WORK REQUEST >> Leaving out the images, return the data below exactly as it is written.

====== PROVIDED DATA ======

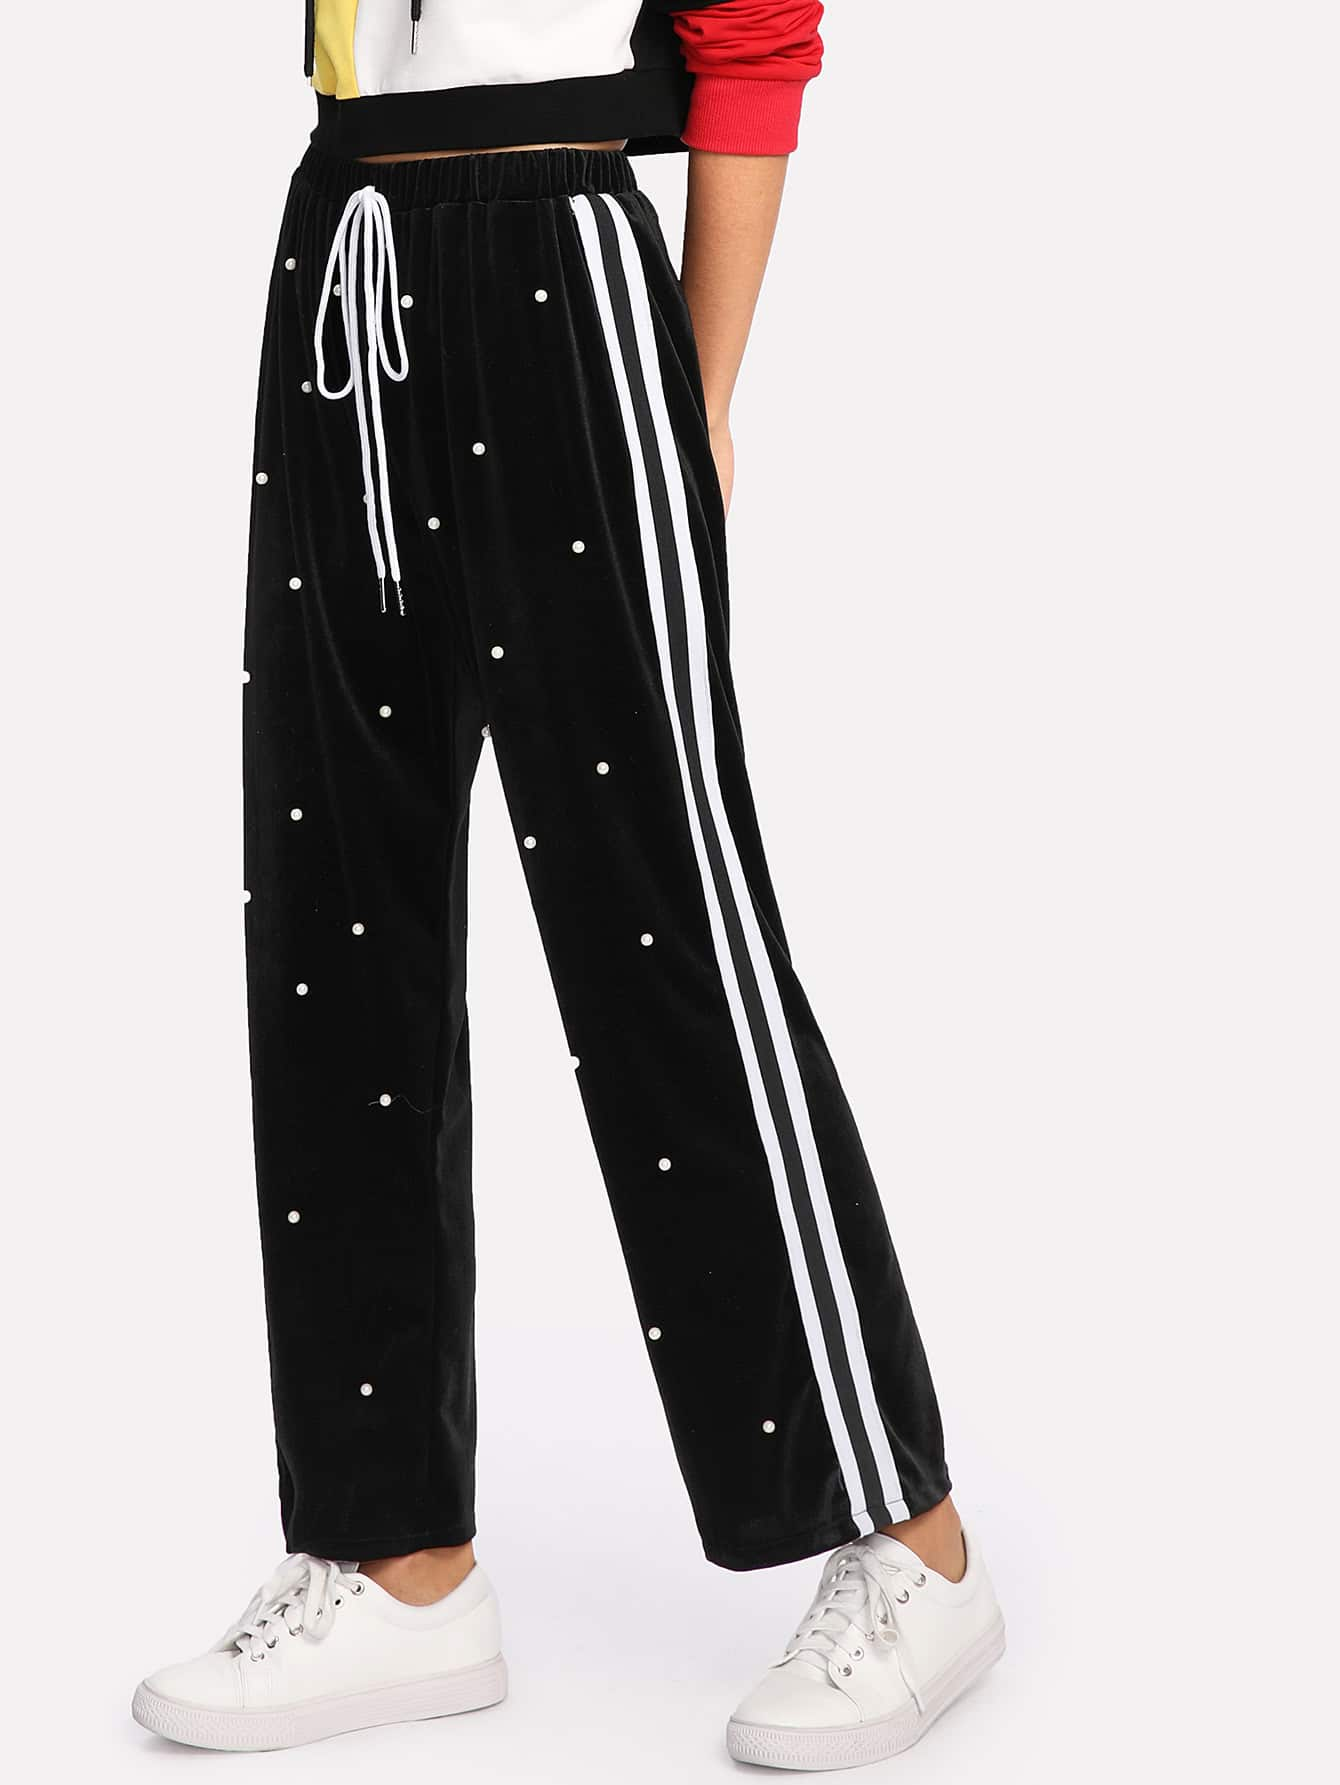 Striped Tape Side Pearl Beading Velvet Sweatpants striped tape side cuffed pants
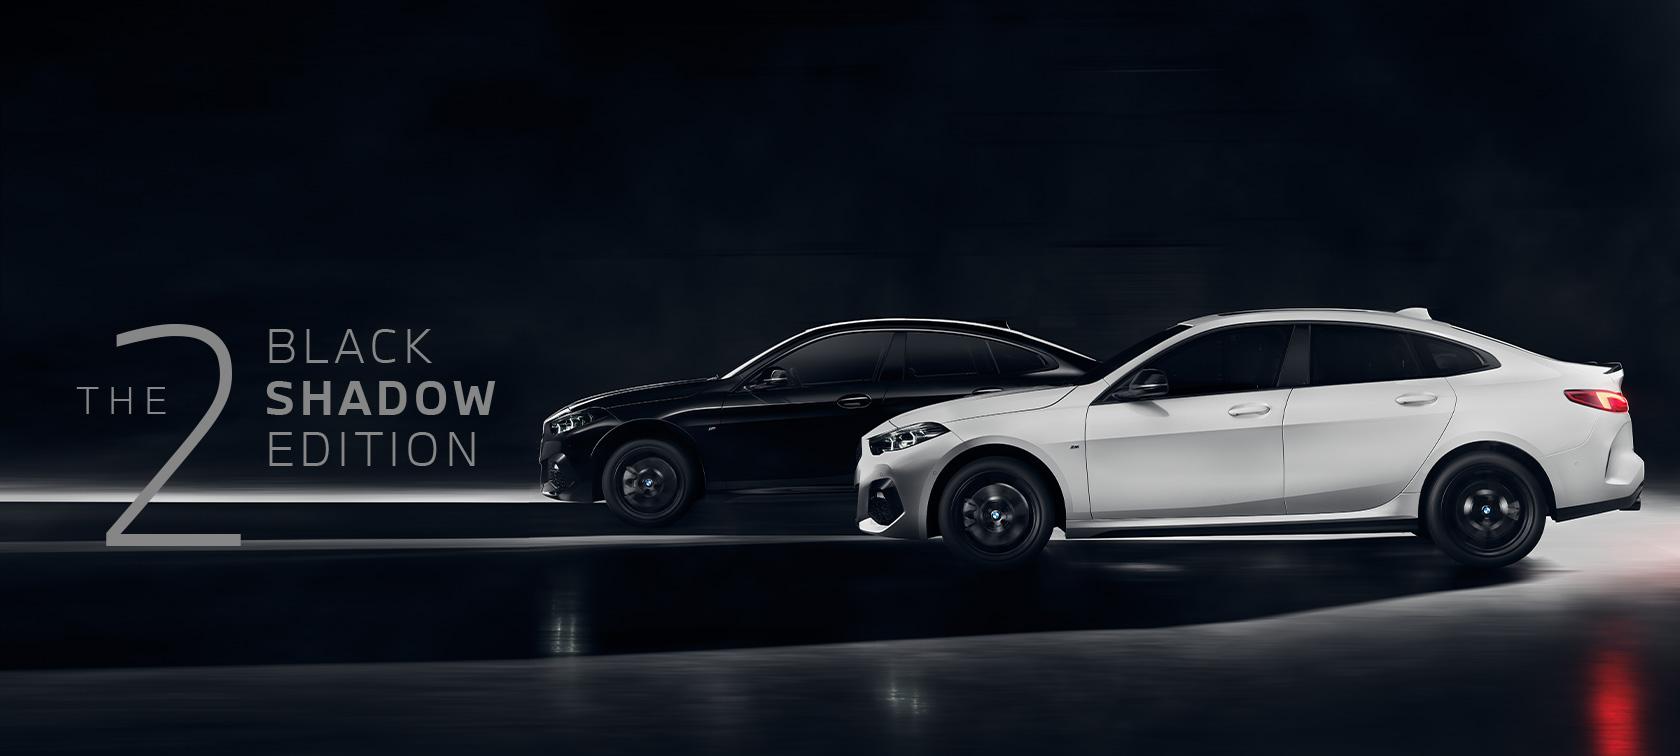 BMW 2 SERIES Black Shadow Edition
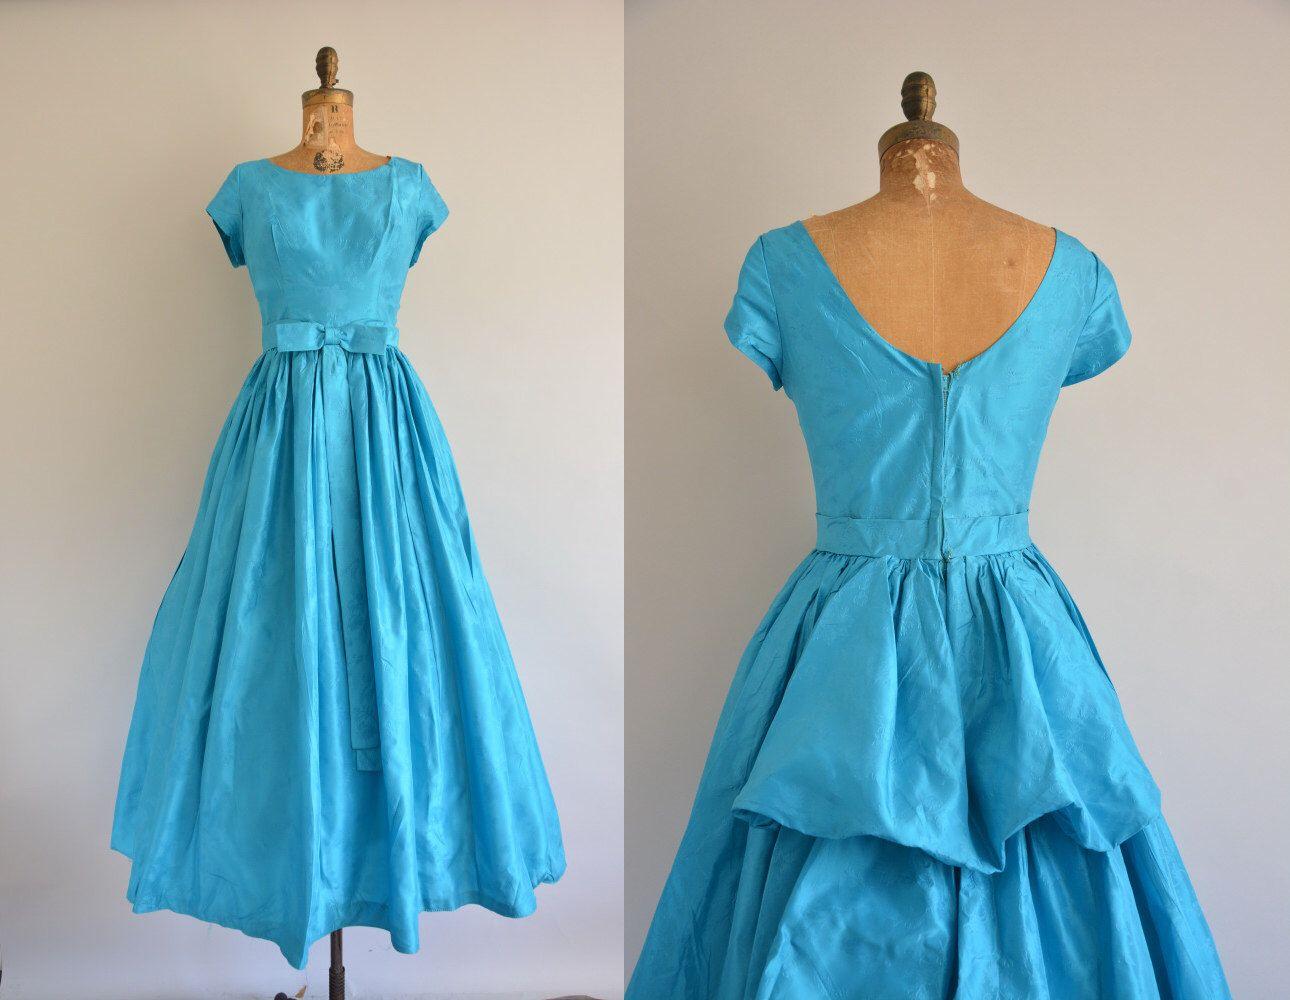 S prom dress s teal bustle prom dress vintage s dress

======

RESPONSE BOX >>
 Striped Tape Side Pearl Beading Velvet Sweatpants striped tape side cuffed pants
 BMW 2 SERIES Black Shadow Edition
 S prom dress s teal bustle prom dress vintage s dress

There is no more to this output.